INFORMATION SHOWN:
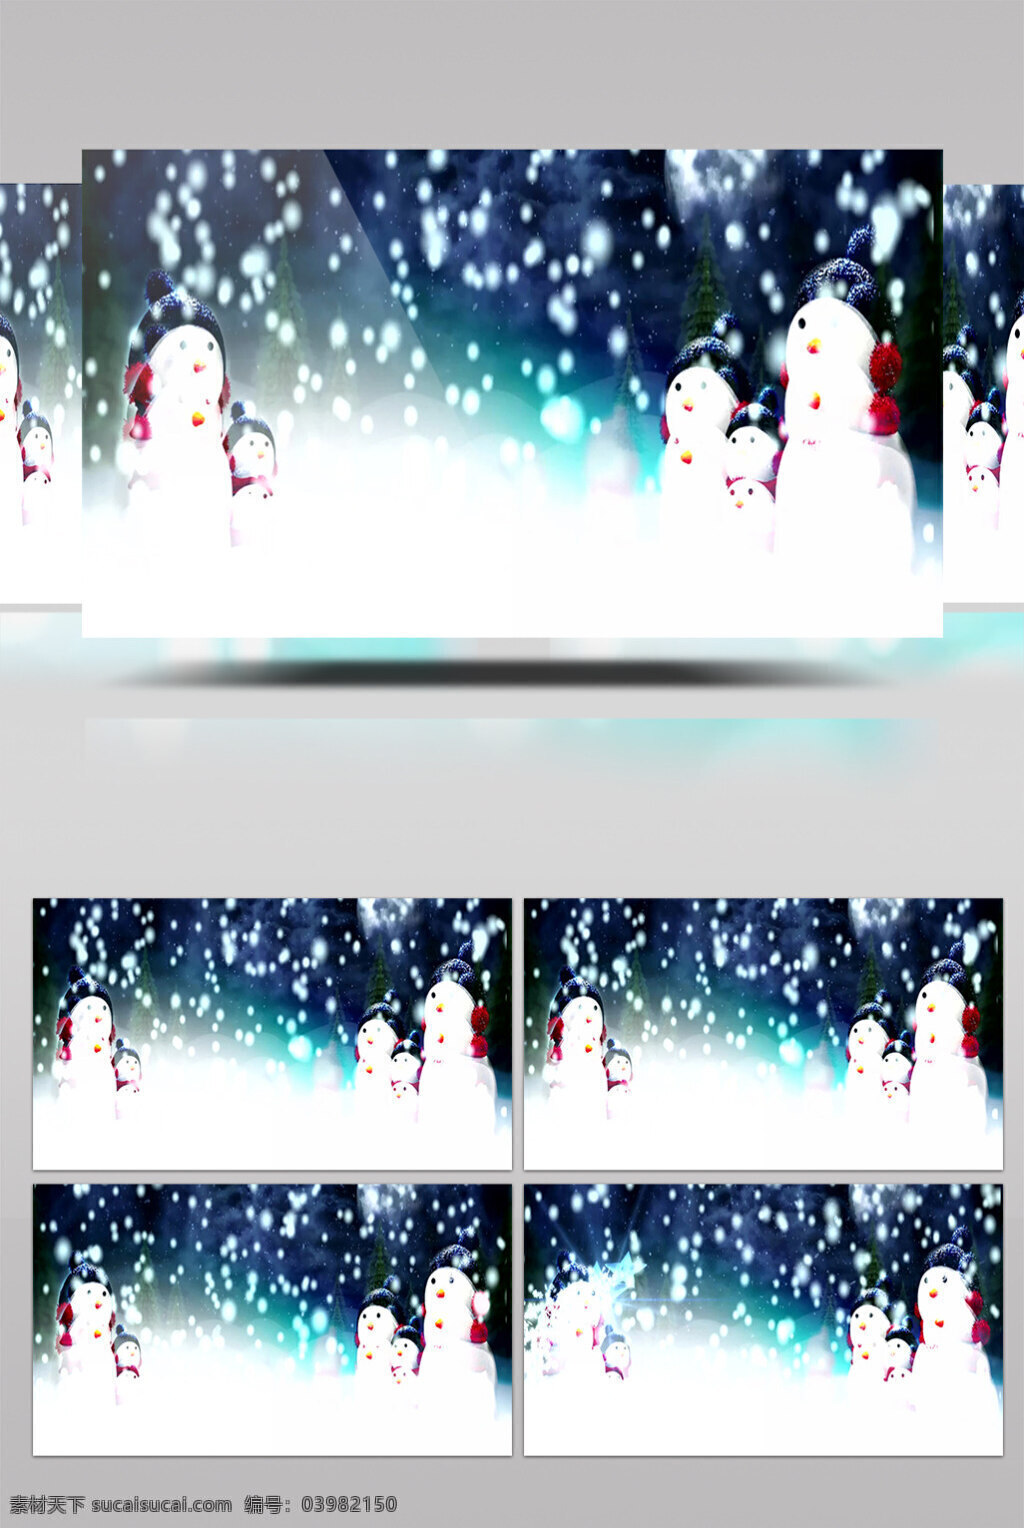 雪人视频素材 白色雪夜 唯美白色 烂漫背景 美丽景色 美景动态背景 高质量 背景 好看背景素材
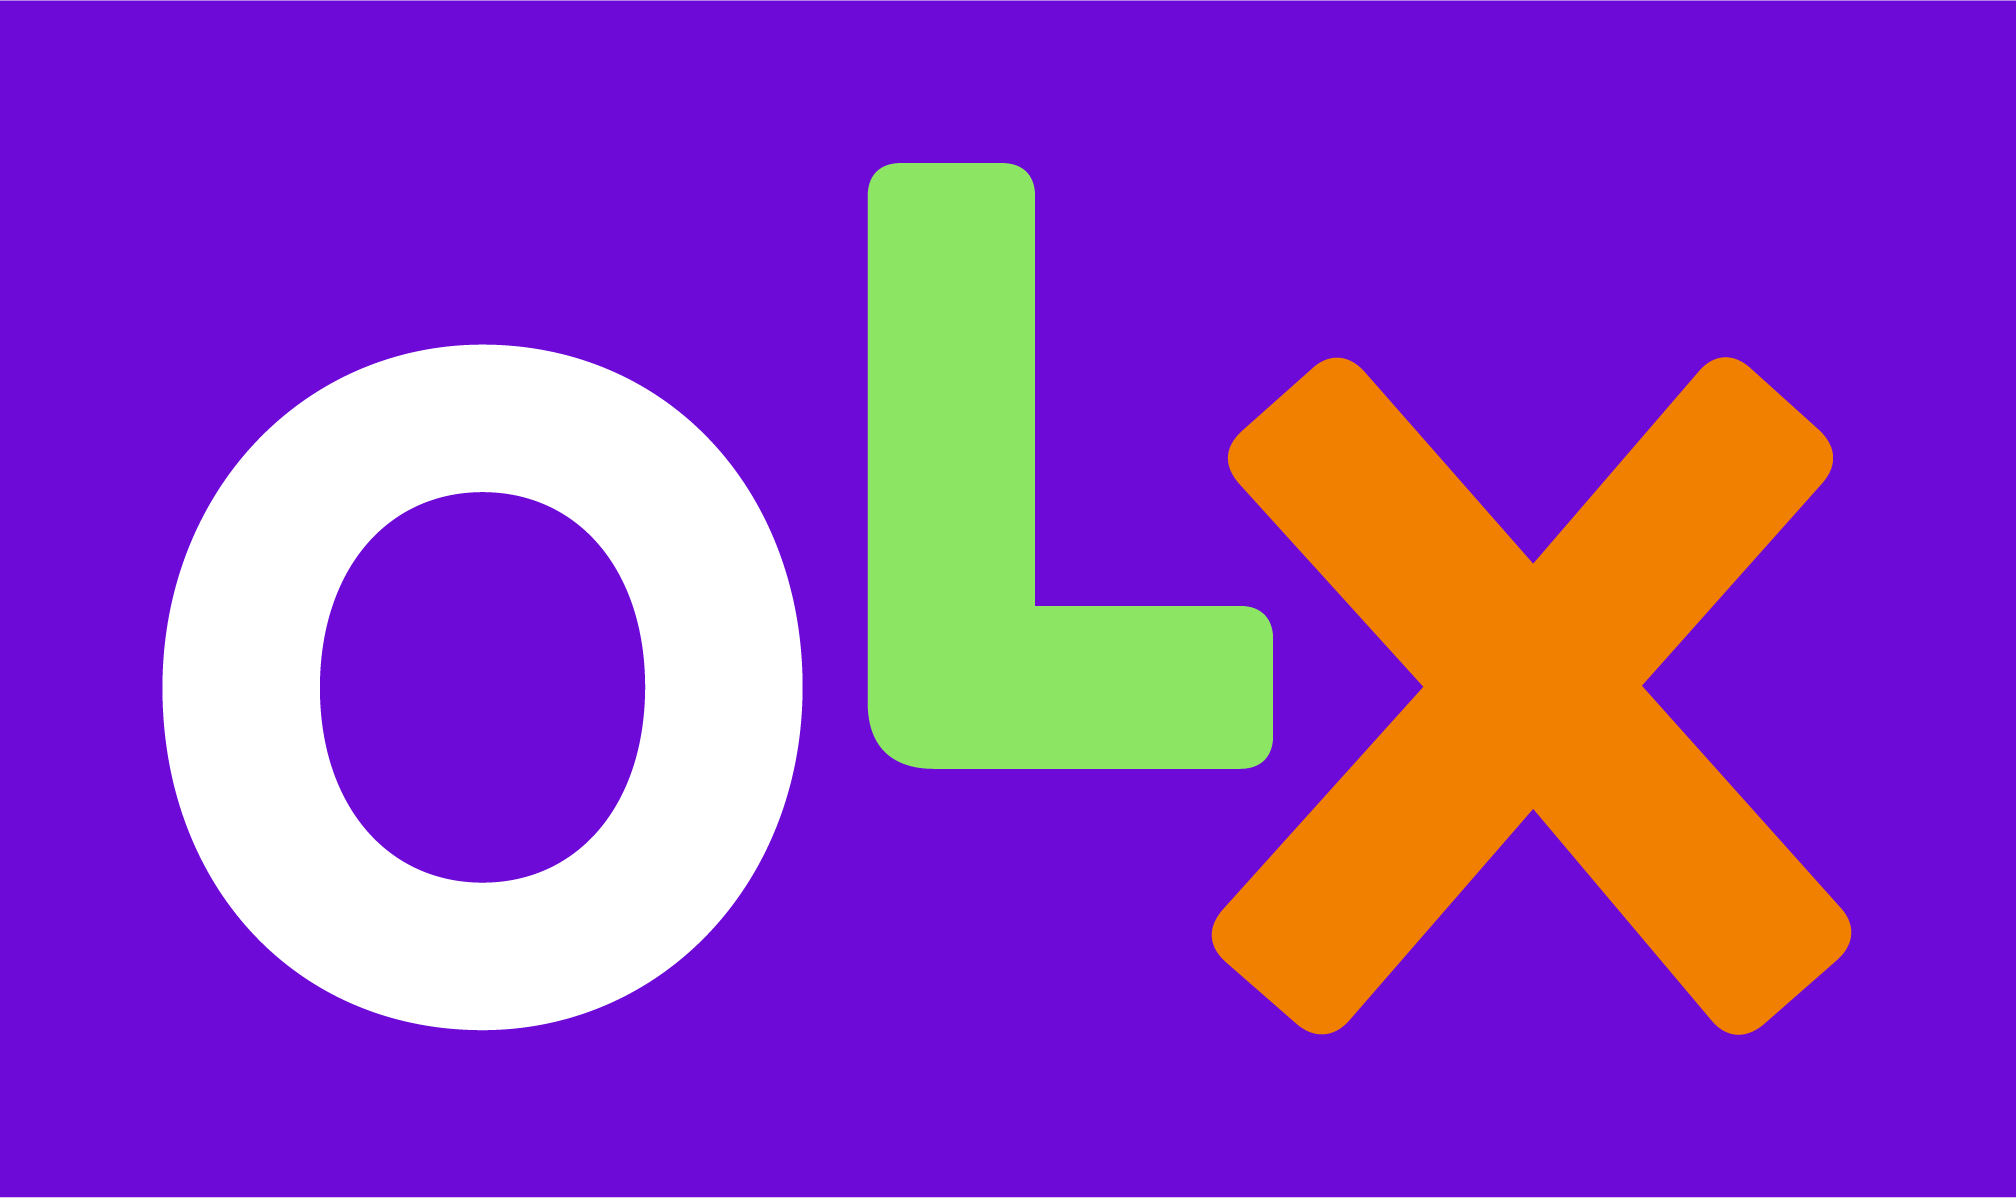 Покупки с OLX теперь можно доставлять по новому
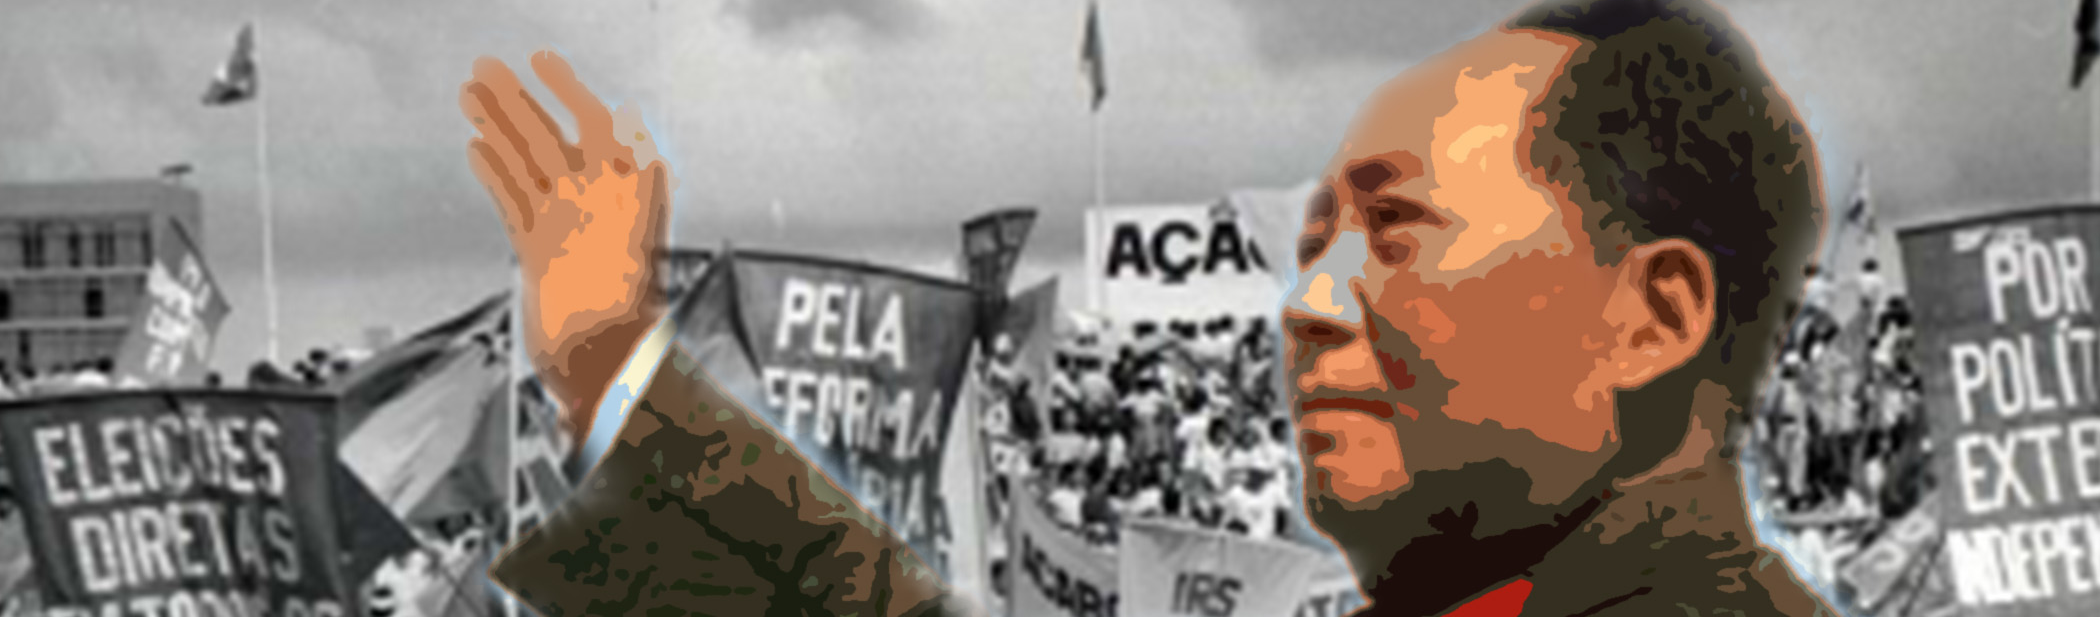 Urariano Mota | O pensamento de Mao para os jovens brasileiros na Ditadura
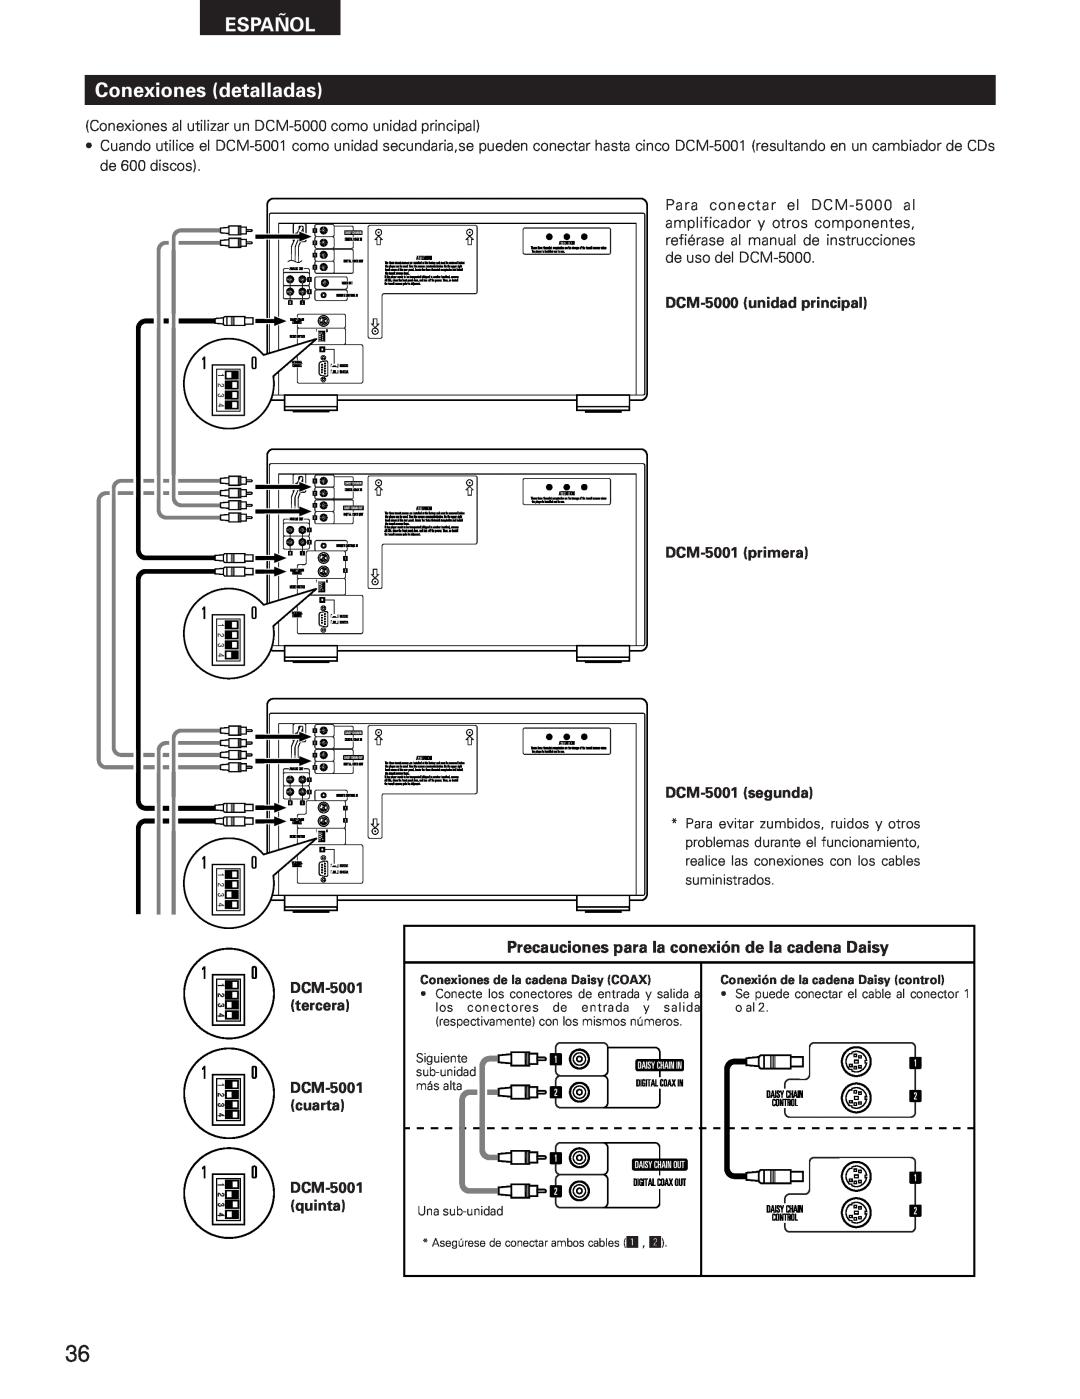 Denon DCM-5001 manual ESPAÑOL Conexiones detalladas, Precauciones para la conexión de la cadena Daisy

WHAT IS BEING ASKED: Repeat the data exactly. No pictures should appear.

ANSWER SECTION:
 雪人视频素材 白色雪夜 唯美白色 烂漫背景 美丽景色 美景动态背景 高质量 背景 好看背景素材
 Покупки с OLX теперь можно доставлять по новому
 Urariano Mota | O pensamento de Mao para os jovens brasileiros na Ditadura
 Denon DCM-5001 manual ESPAÑOL Conexiones detalladas, Precauciones para la conexión de la cadena Daisy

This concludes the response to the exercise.